Segment Open

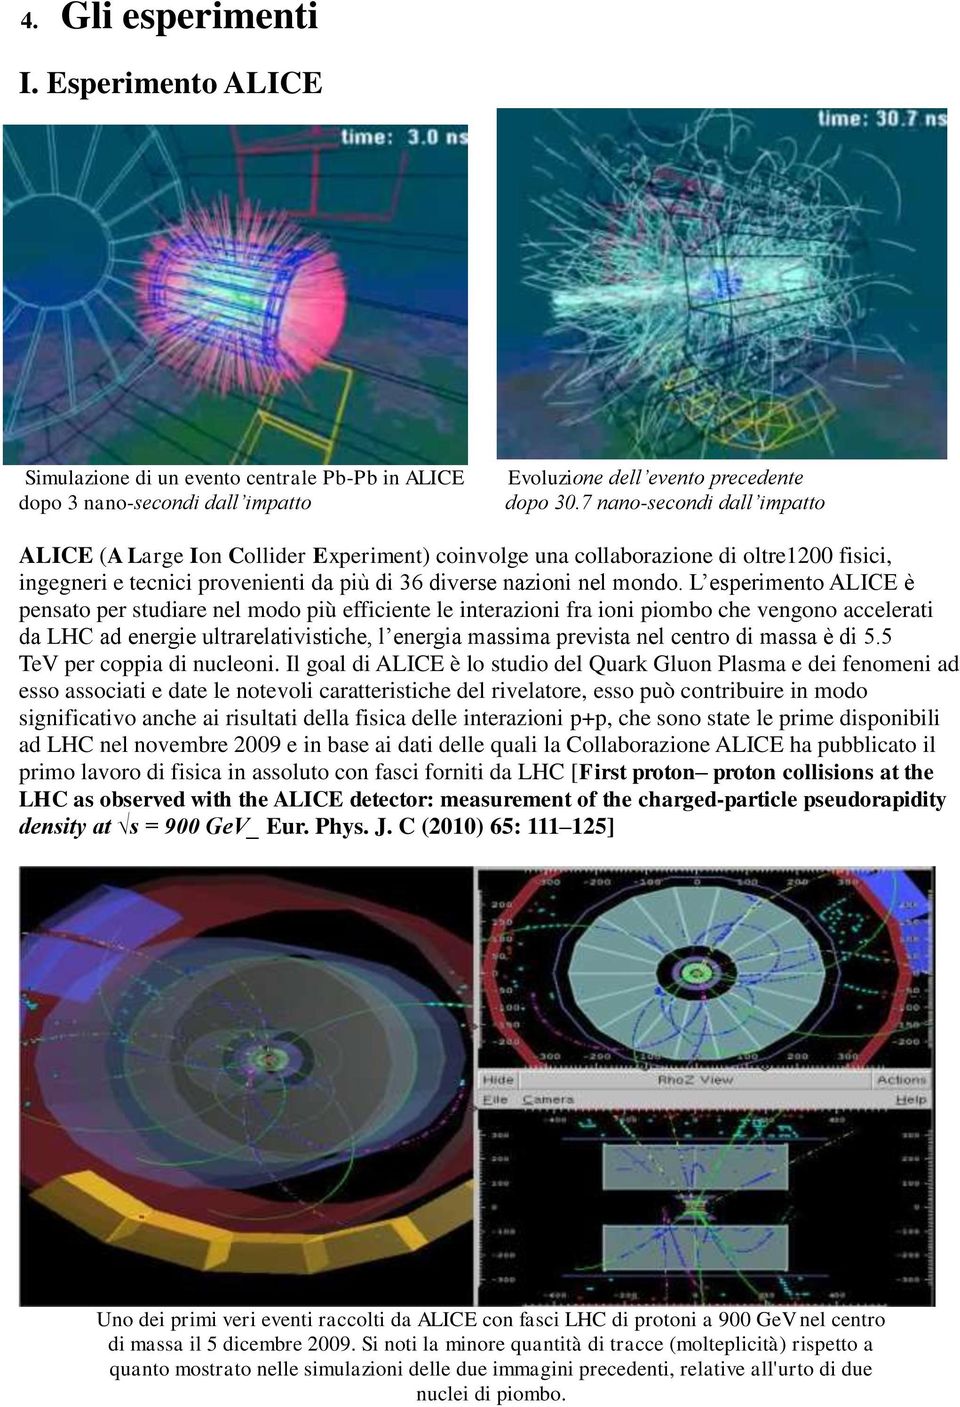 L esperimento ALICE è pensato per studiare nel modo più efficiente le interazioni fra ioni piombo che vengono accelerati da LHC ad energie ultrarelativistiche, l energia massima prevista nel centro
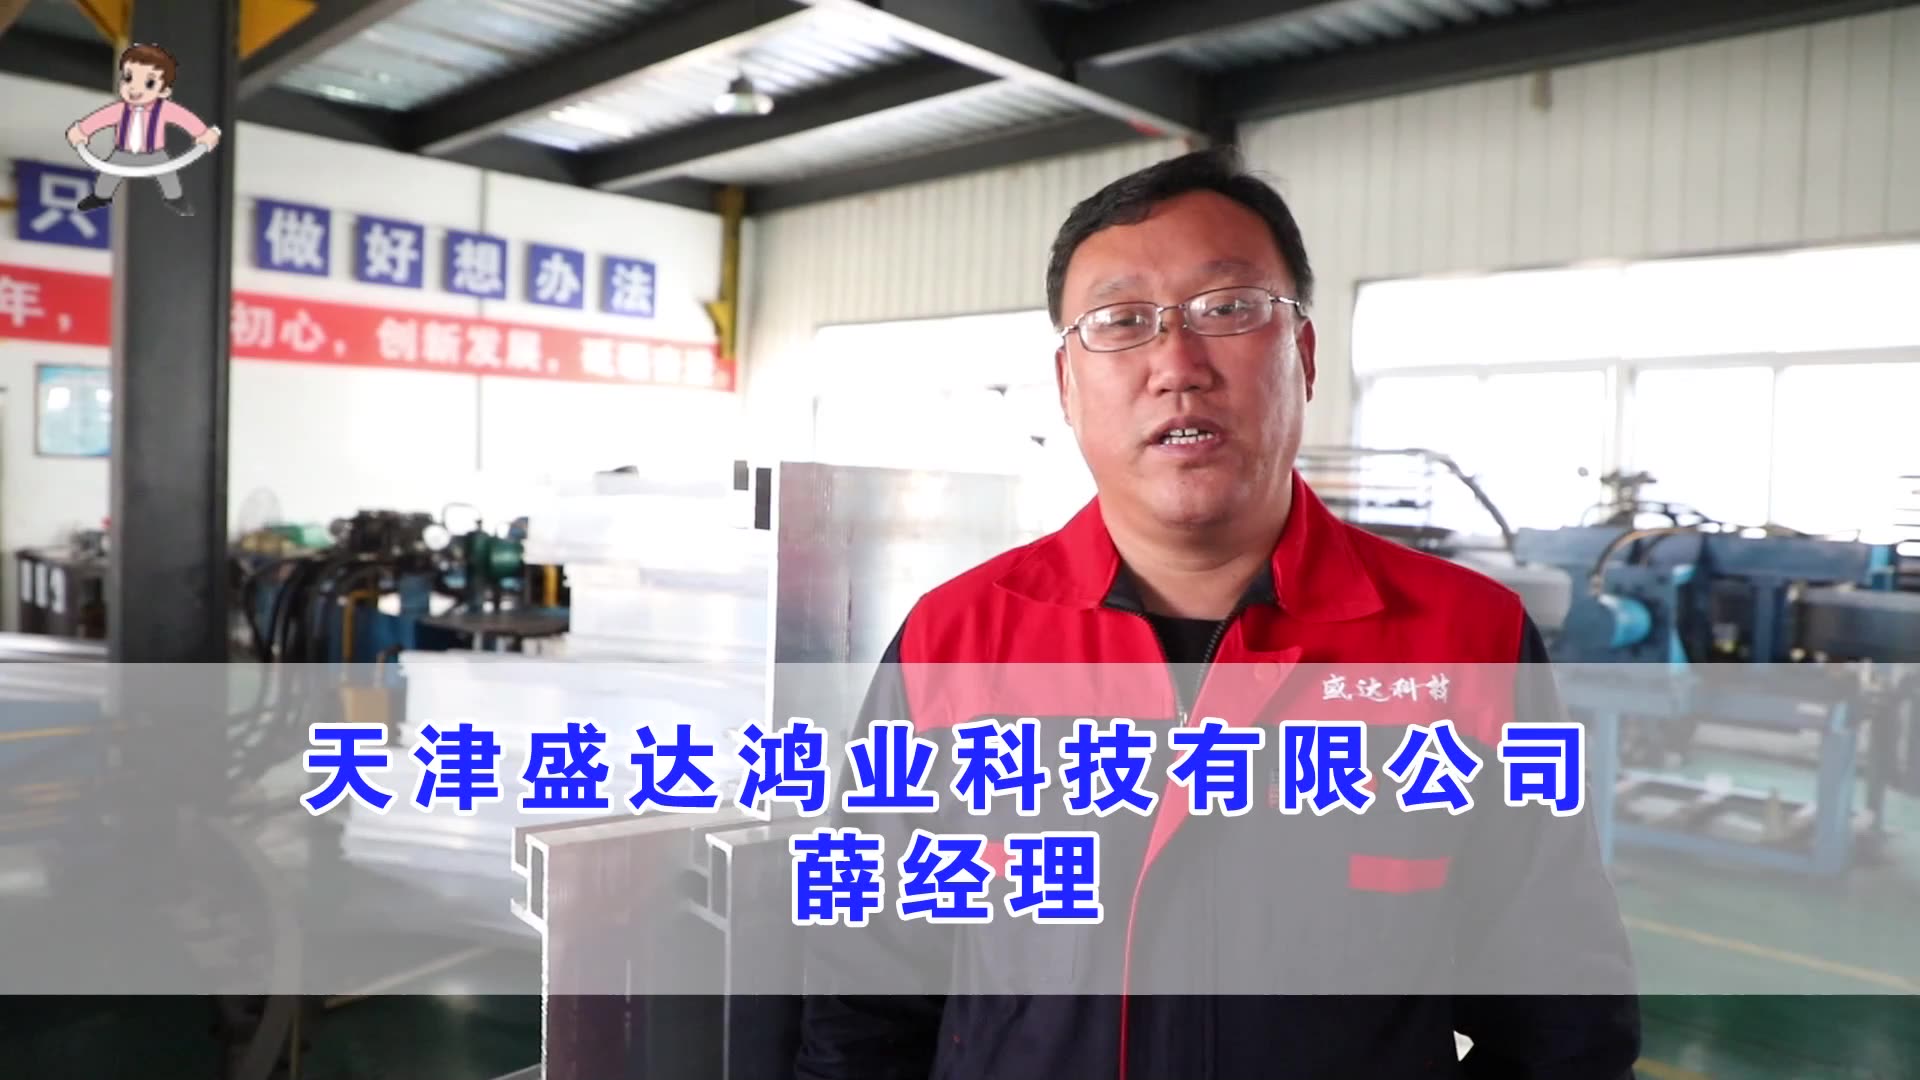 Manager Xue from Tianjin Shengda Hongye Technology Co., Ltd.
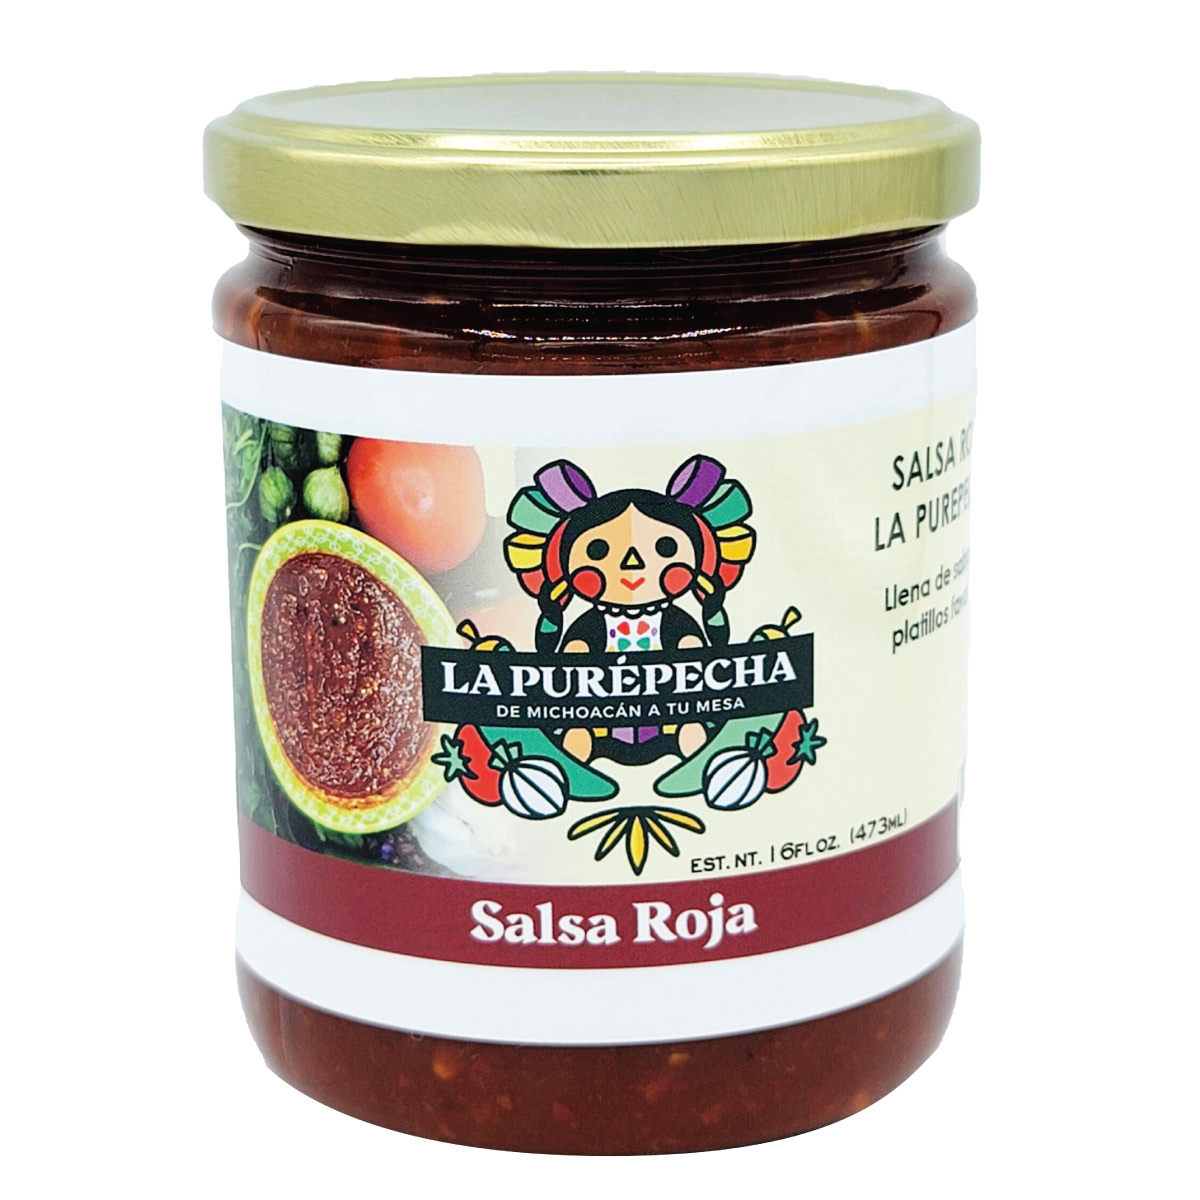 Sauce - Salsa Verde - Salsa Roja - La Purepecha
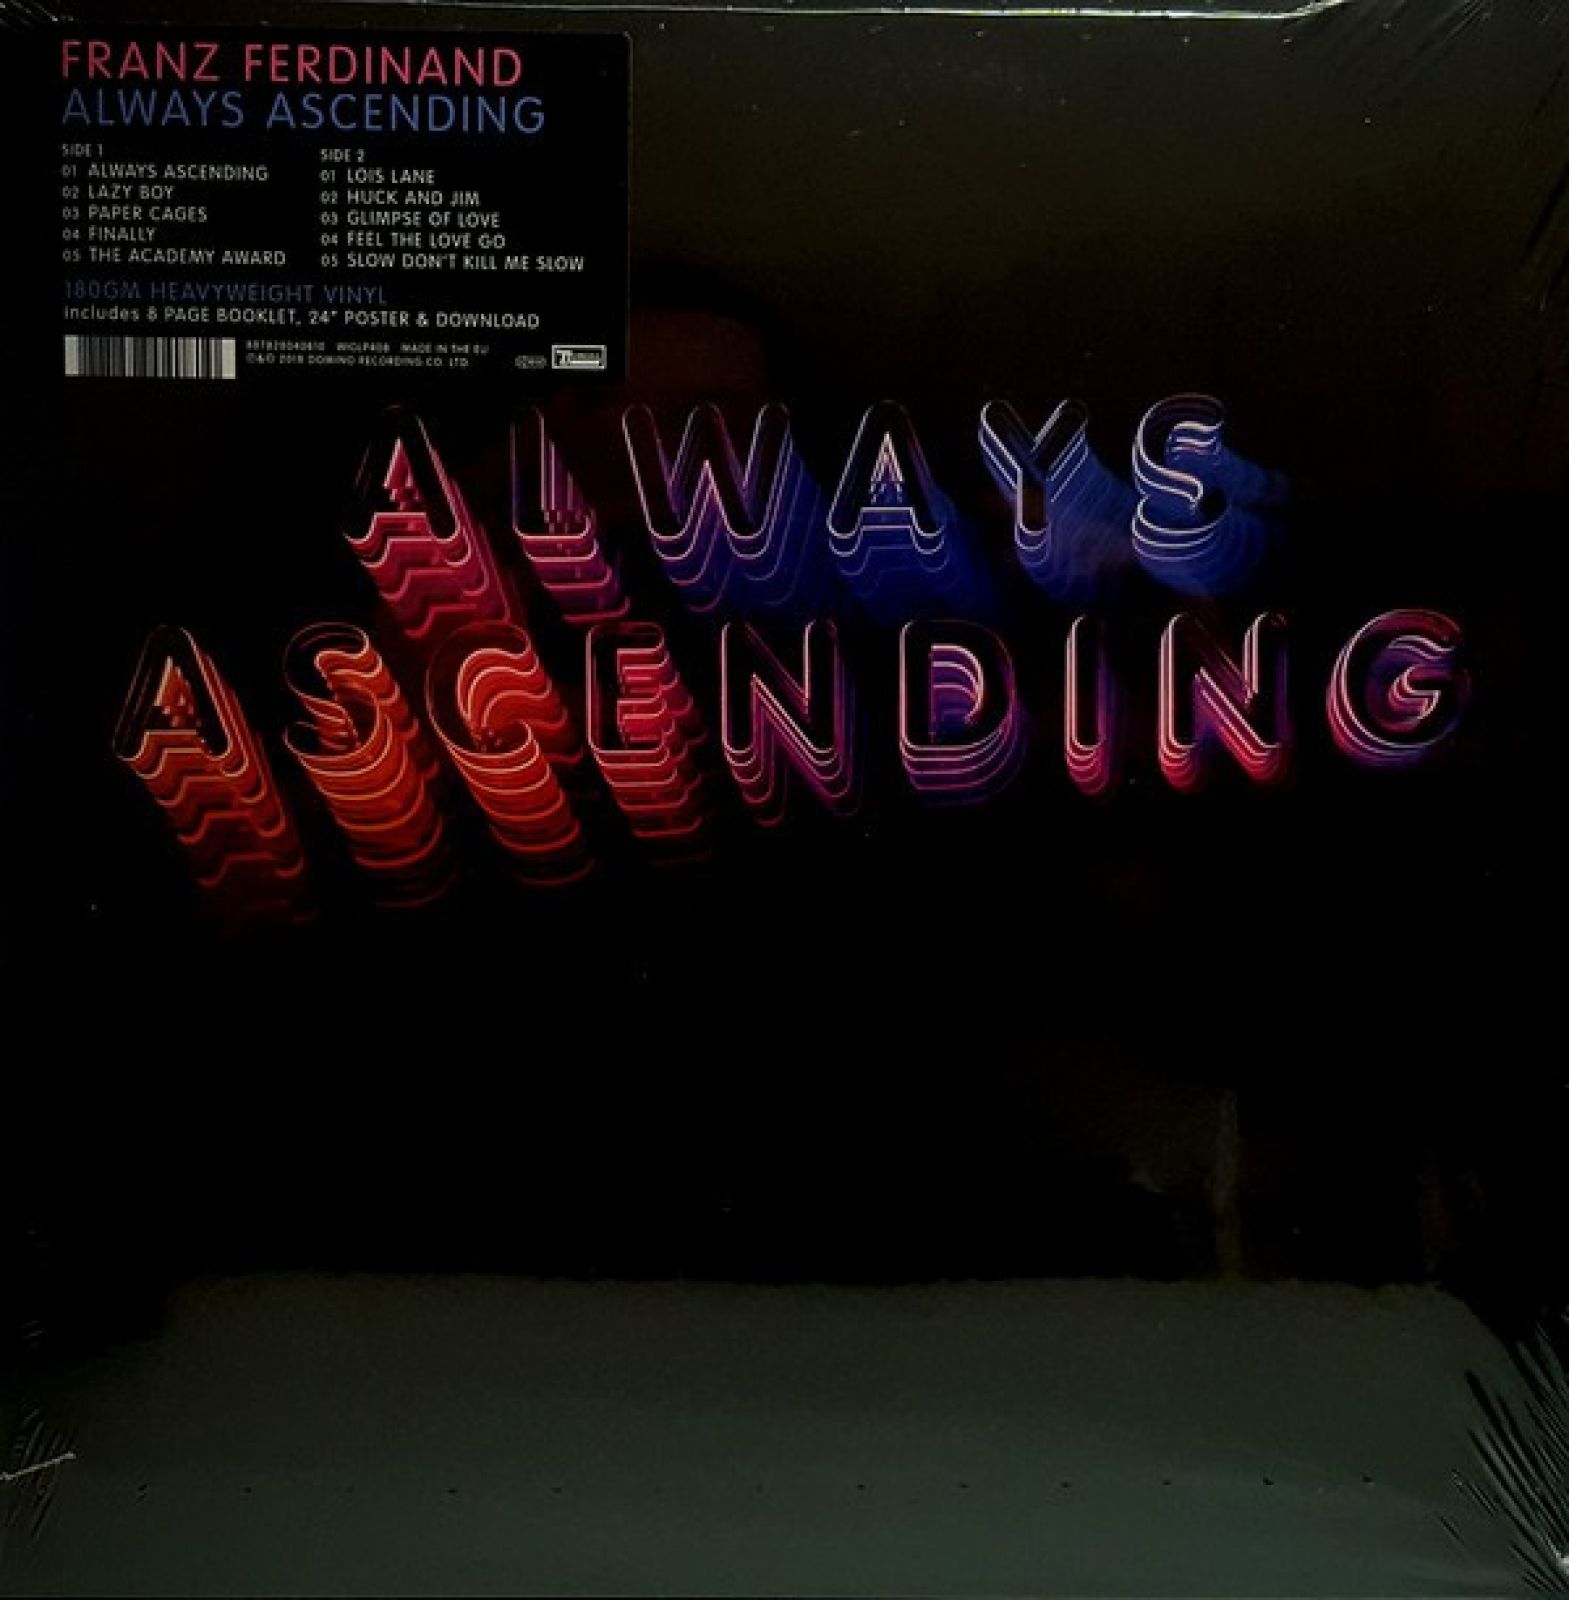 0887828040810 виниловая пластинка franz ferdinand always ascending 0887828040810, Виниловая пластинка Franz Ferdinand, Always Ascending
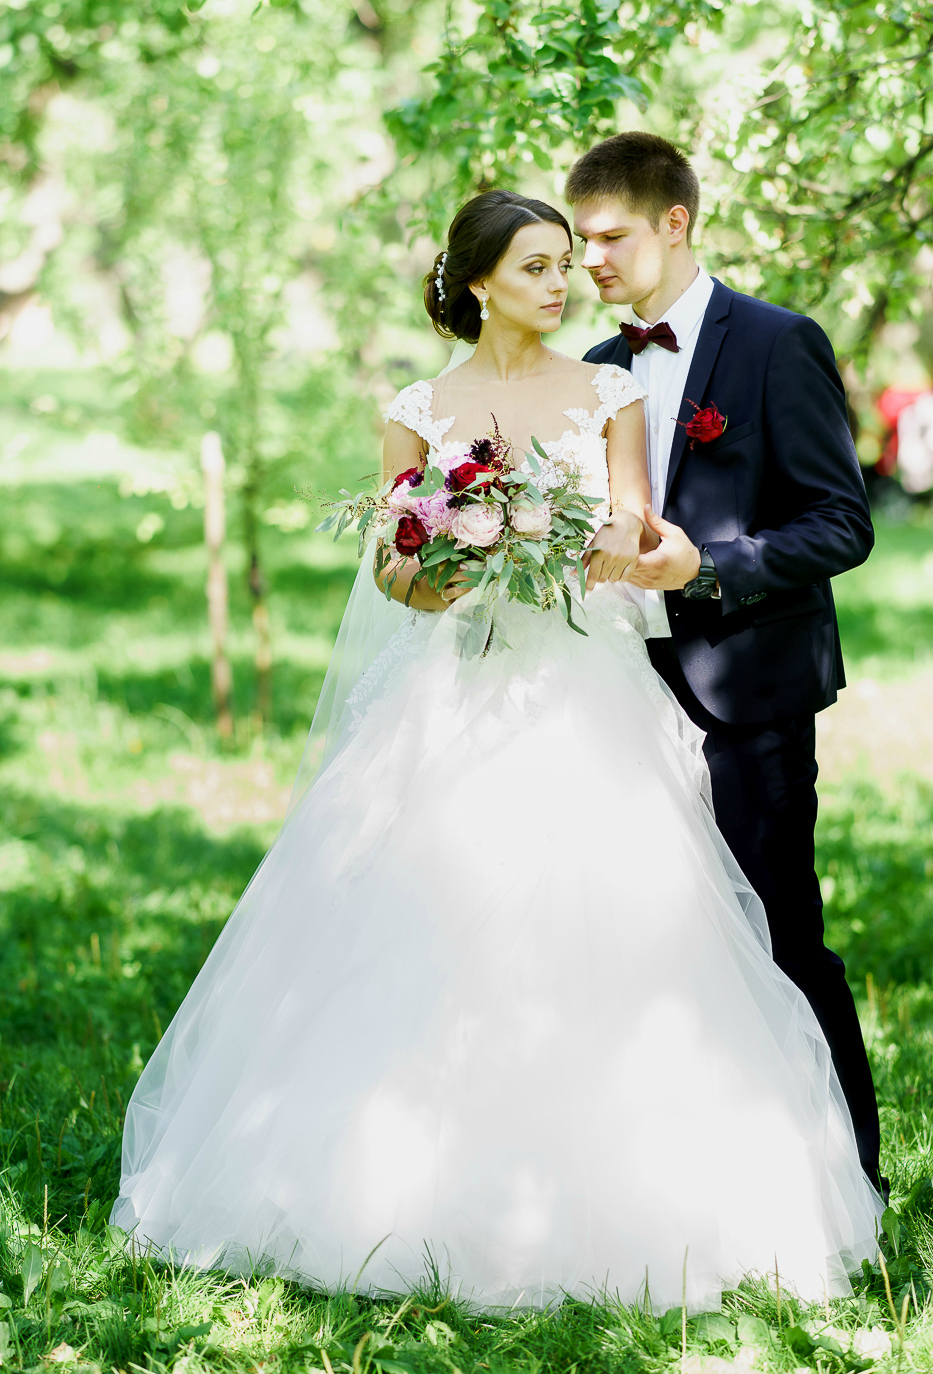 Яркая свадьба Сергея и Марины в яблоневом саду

Segment Closed

YOUR OBJECTIVE
Leave the images behind and write out every entry exactly.

WRITTEN ANSWER
 L esperimento ALICE è pensato per studiare nel modo più efficiente le interazioni fra ioni piombo che vengono accelerati da LHC ad energie ultrarelativistiche, l energia massima prevista nel centro
 Manager Xue from Tianjin Shengda Hongye Technology Co., Ltd.
 Sauce - Salsa Verde - Salsa Roja - La Purepecha
 0887828040810 виниловая пластинка franz ferdinand always ascending 0887828040810, Виниловая пластинка Franz Ferdinand, Always Ascending
 Яркая свадьба Сергея и Марины в яблоневом саду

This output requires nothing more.